Obstructive sleep apnea and under-ventilation often occur together; therefore, nocturnal oximetry or a sleep study may be advised.
Excess Mucus and Secretions
In some people, excess mucus and secretions can build up to the point where they cannot be easily cleared by coughing. This is particularly the case first thing in the morning when secretions have built up during the night. If you experience this problem, ask your doctor for a referral to a physiotherapist or respiratory therapist to instruct you in methods to loosen secretions and bring them to the mouth to be spit out. One method of dealing with mucus and saliva build-up is suctioning. Suction equipment acts very much like a dentist's suction tube; it consists of a motor, collection bottle, tubing and catheters. However, some healthcare professionals believe suctioning may be counter-productive for persons with neuromuscular disorders. Talk to your respiratory therapist or respirologist about whether suctioning may be right for you, and if there is anything else you can do to reduce mucous build-up, such as assisted cough techniques, cough assist devices or use of medications such as Amitryptilline, Transderm V, Atropine, Glycopyrolate, and beta-blockers.

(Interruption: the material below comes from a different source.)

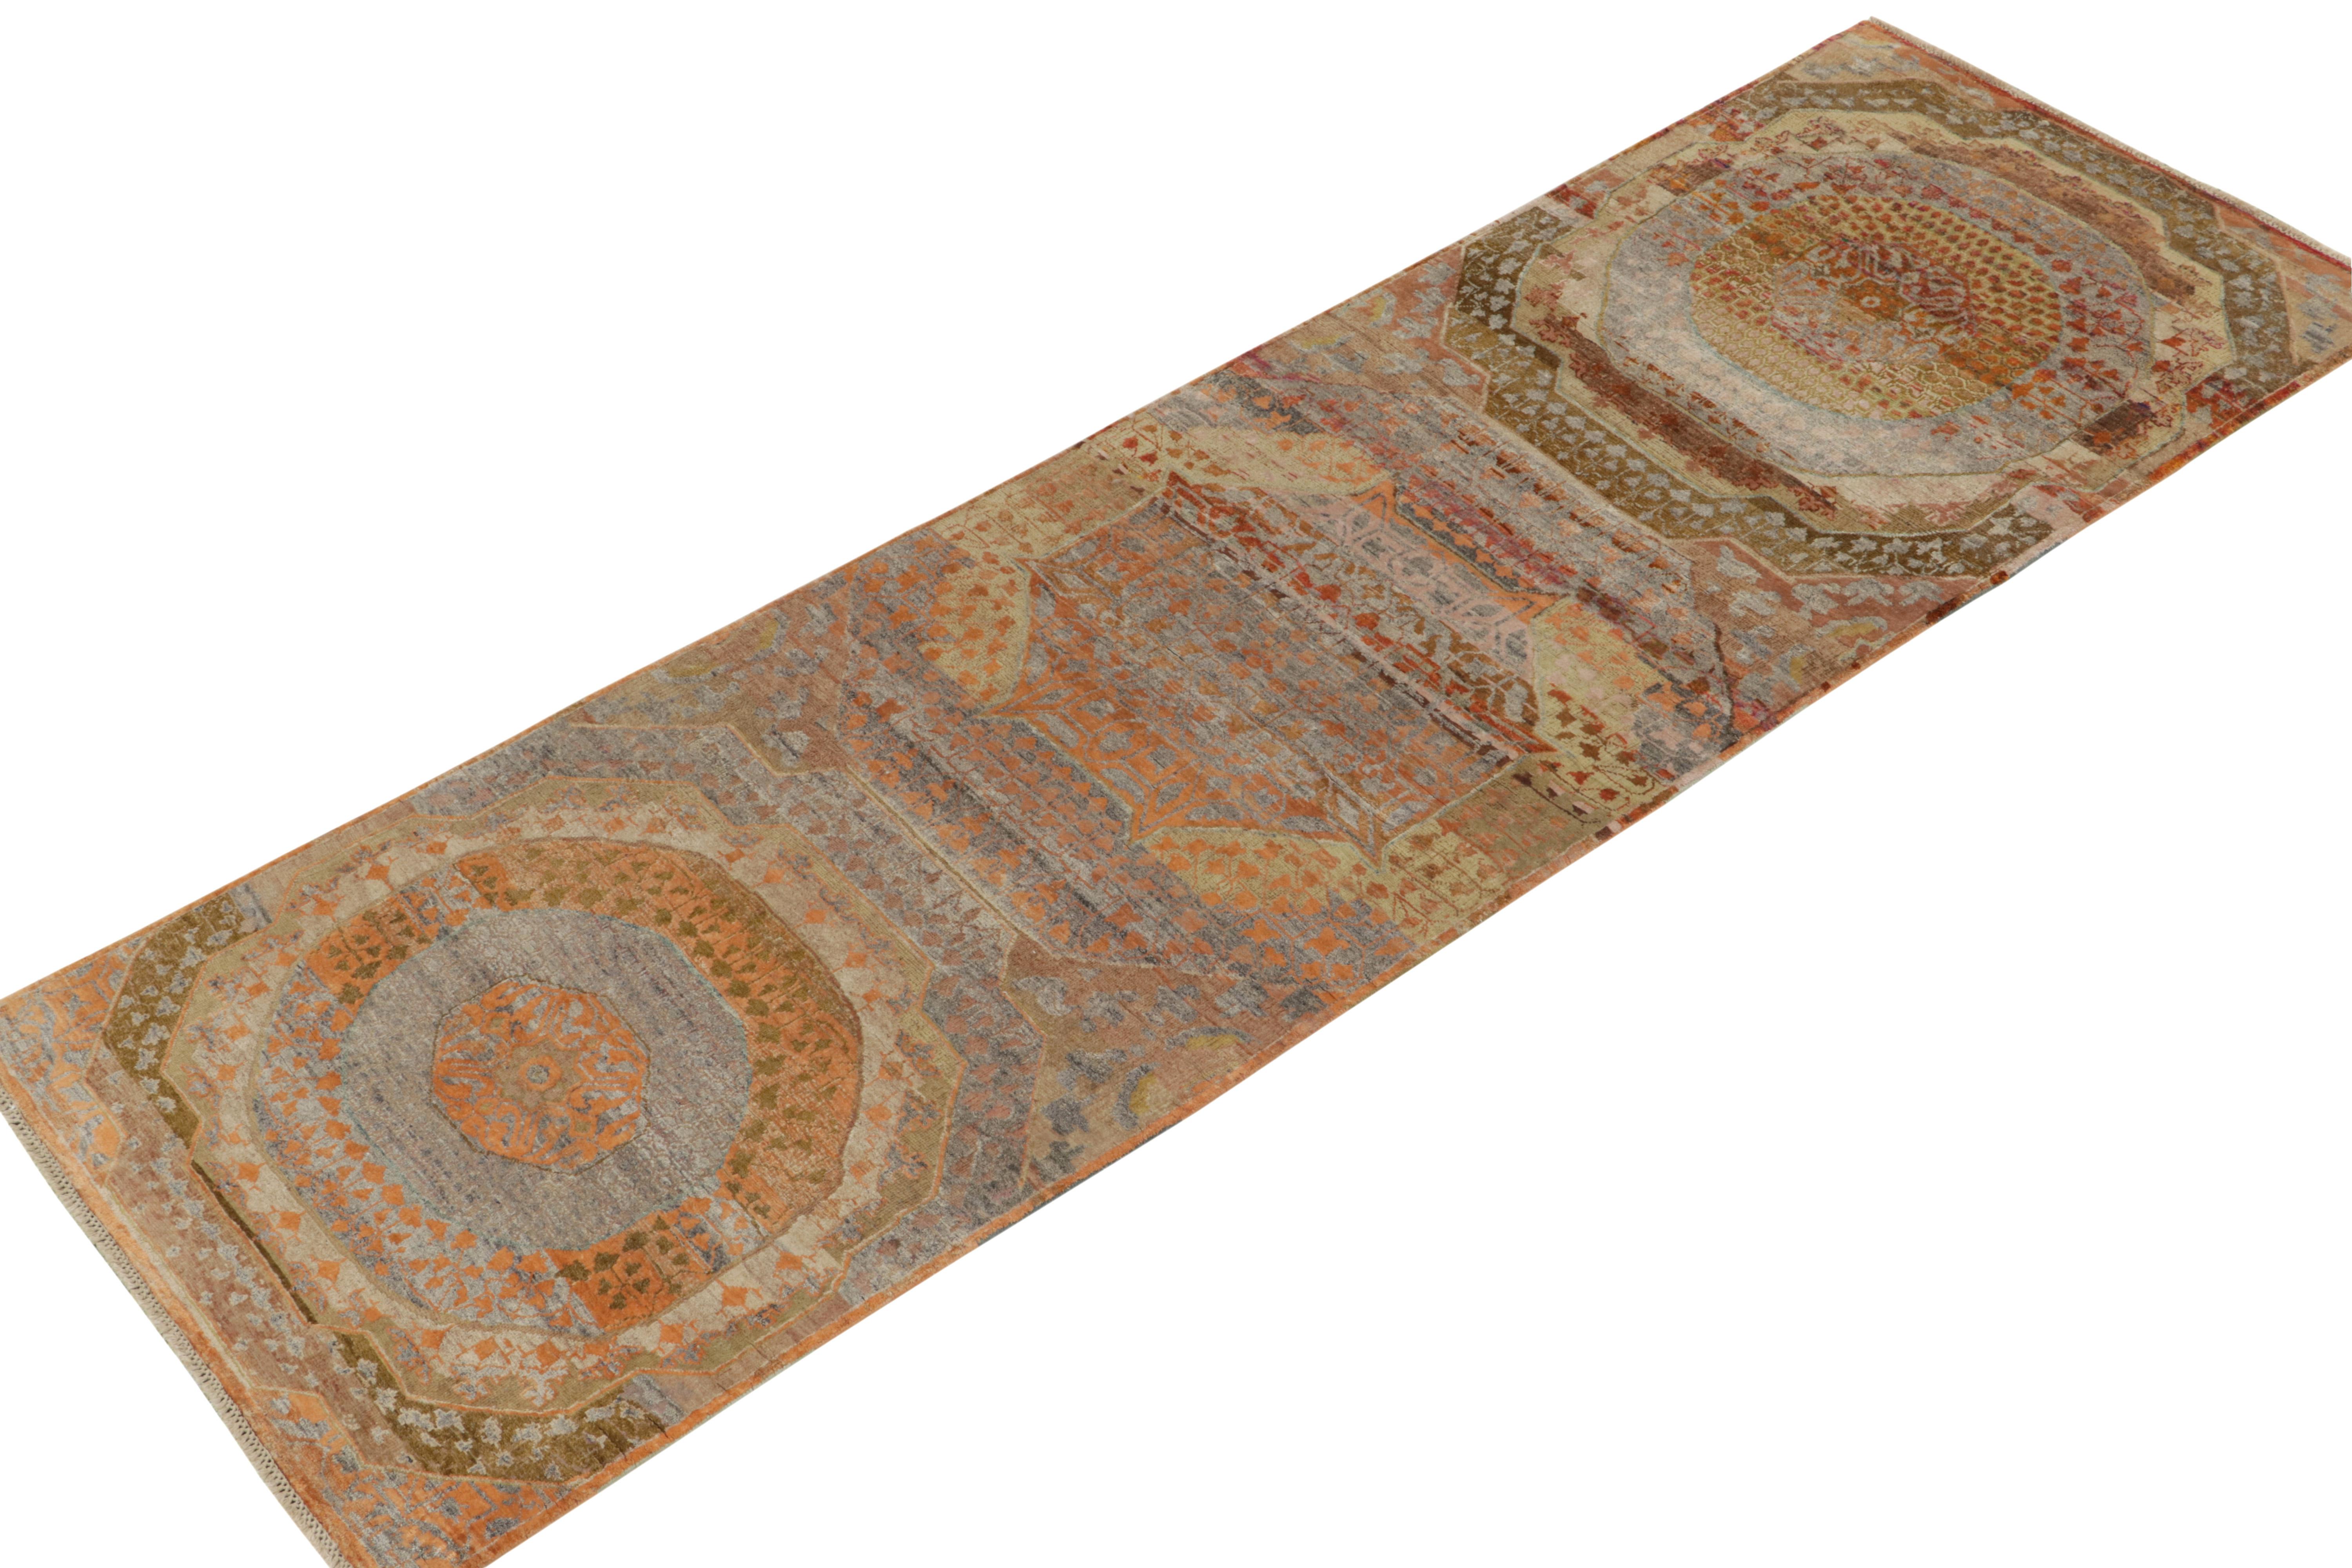 Noué à la main dans un fin mélange de laine et de soie luxueuses, ce chemin de table 3x10 est issu de la collection Modern Classics de Rug & Kilim.

Sur le design : S'inspirant subtilement d'Agra, ce tapis présente une répétition hexagonale avec des

During a cough, the diaphragm and additional muscles completely fill the lungs. Then, abdominal muscles and intercostal muscles between the ribs contract quickly generating a high pressure against a glottis (larynx) that is closed by force. The glottis is then suddenly opened and a very high velocity flow of air is pushed from the lungs and up the airway. Any mucus or food in one of the air passages is forced out as well. People with neuromuscular disorders have normal cough reflexes, but the muscles involved may be weakened and unable to produce a strong enough cough. You can strengthen your cough using techniques described in more detail on the web site of The Rehabilitation Centre in Ottawa. You will need to consult with a skilled professional to train you and your family.